» GOAL OF THE EXERCISE: In the listing, locate the line containing "Les fianc s", then quote it and all following lines exactly. Omit pictures.

» DATA EXTRACT:
⁂

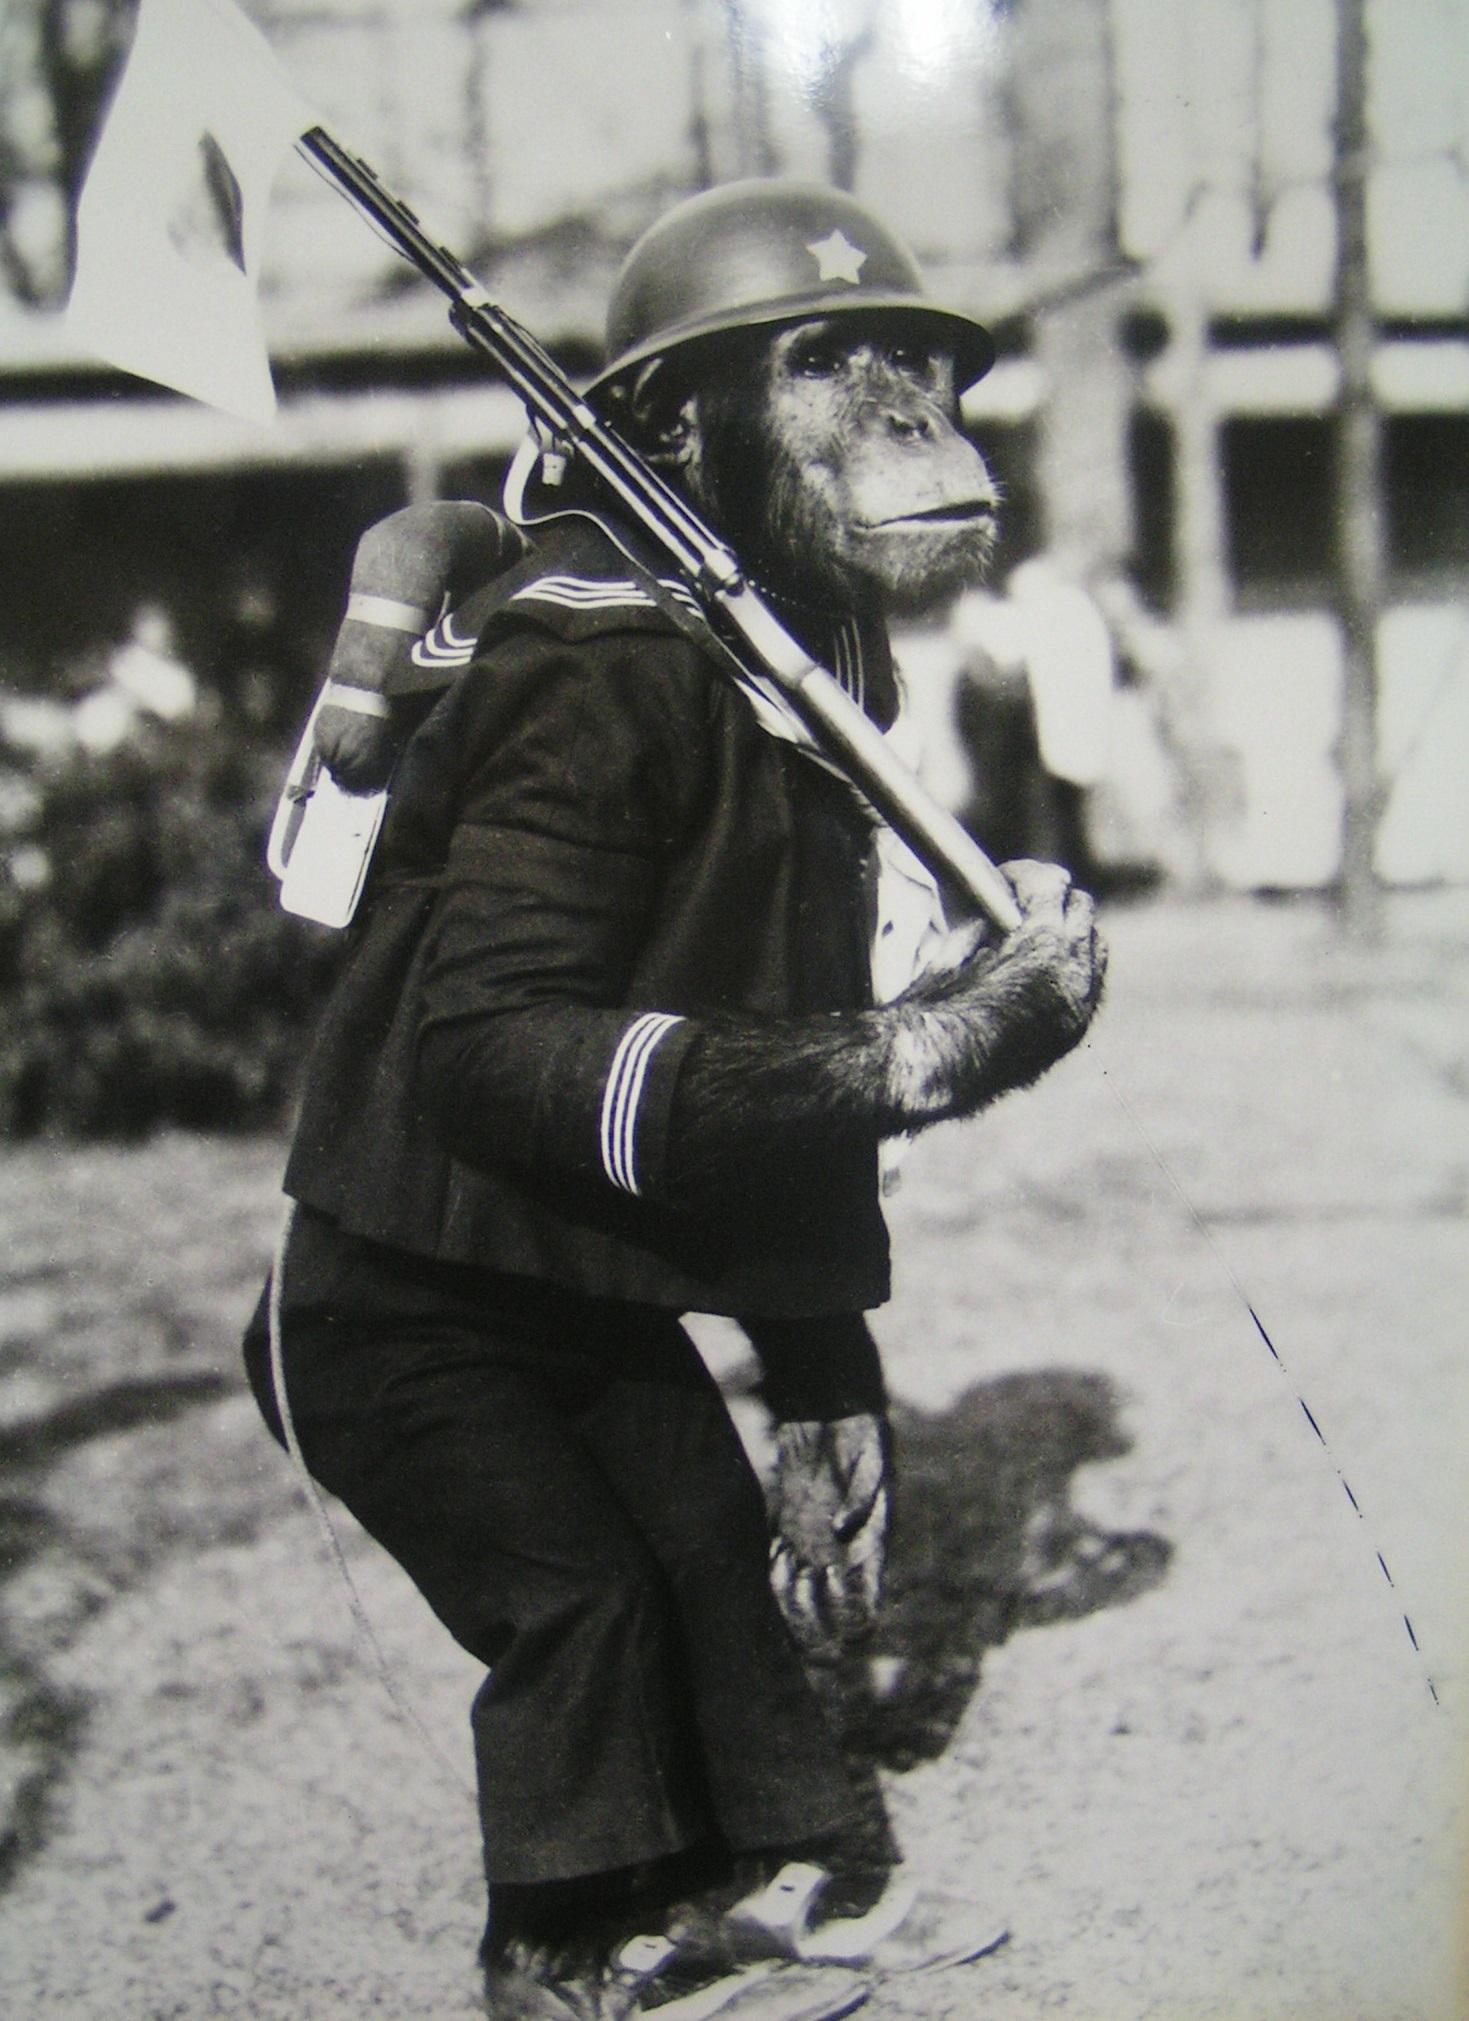 戦意高揚のための宣伝に利用されたチンパンジーの「リタ」
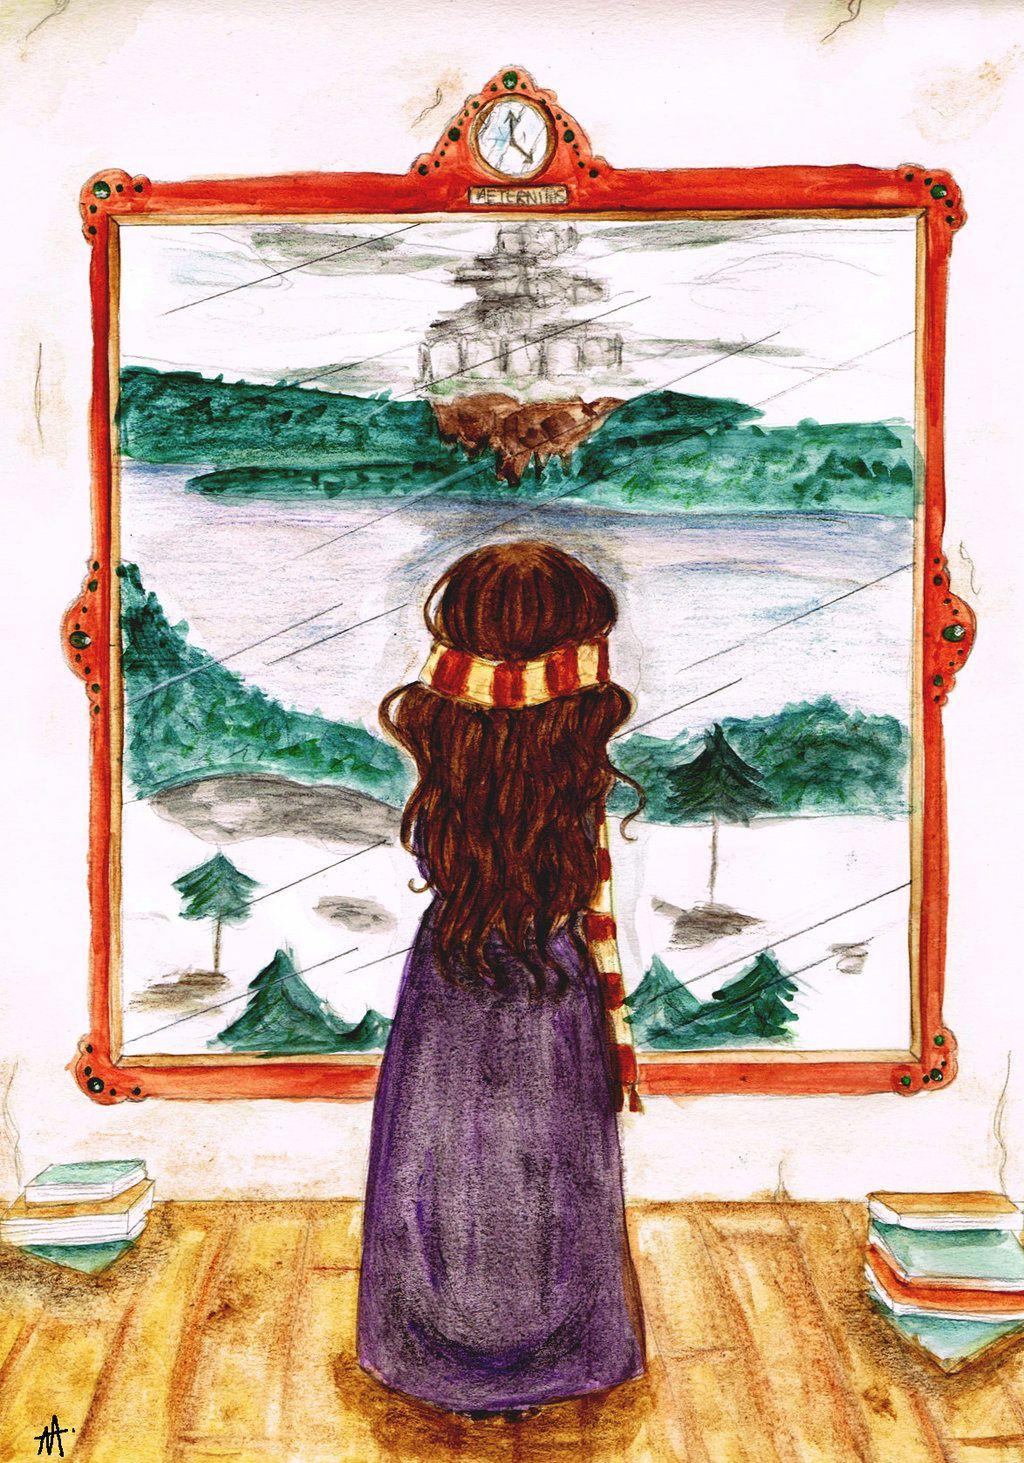 Les fianc s de l hiver tome 01 de la saga passe miroir for Hendrik andriessen miroir de peine
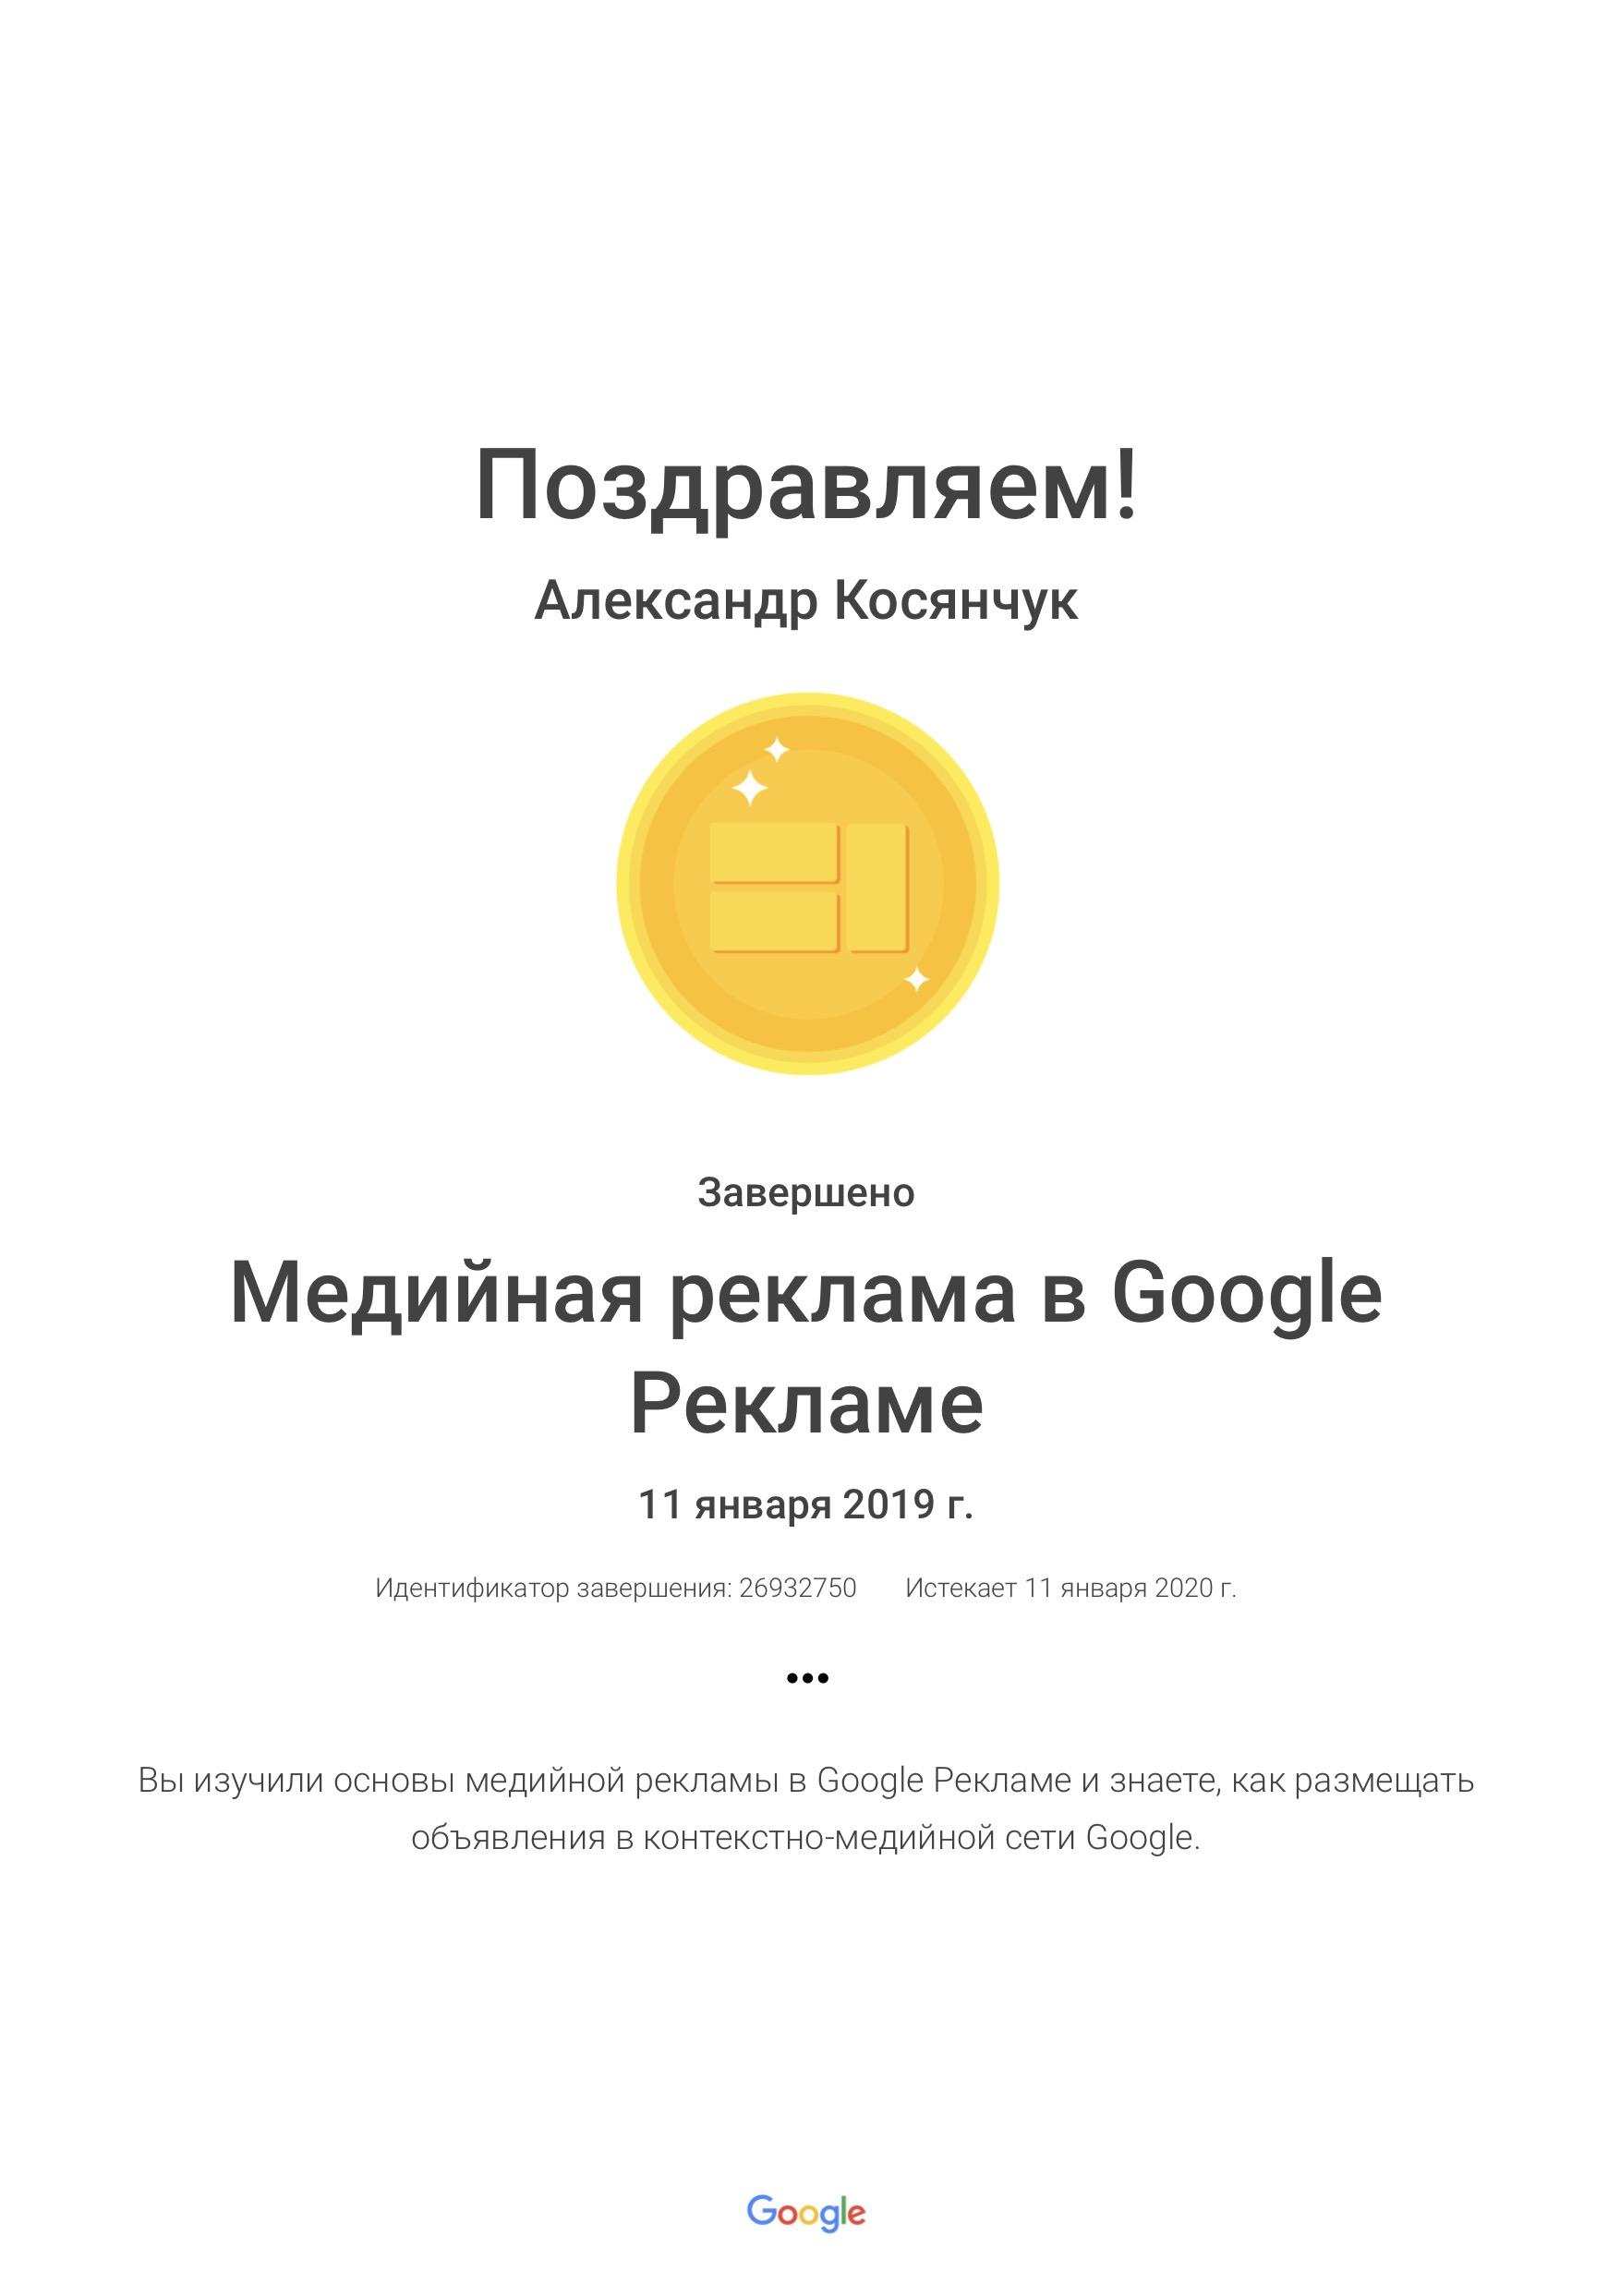 Сертификат специалиста по медийной рекламе AdWords – 2019 год

⁂

» EXERCISE ANSWER:
 Les fianc s de l hiver tome 01 de la saga passe miroir for Hendrik andriessen miroir de peine
 Сертификат специалиста по медийной рекламе AdWords – 2019 год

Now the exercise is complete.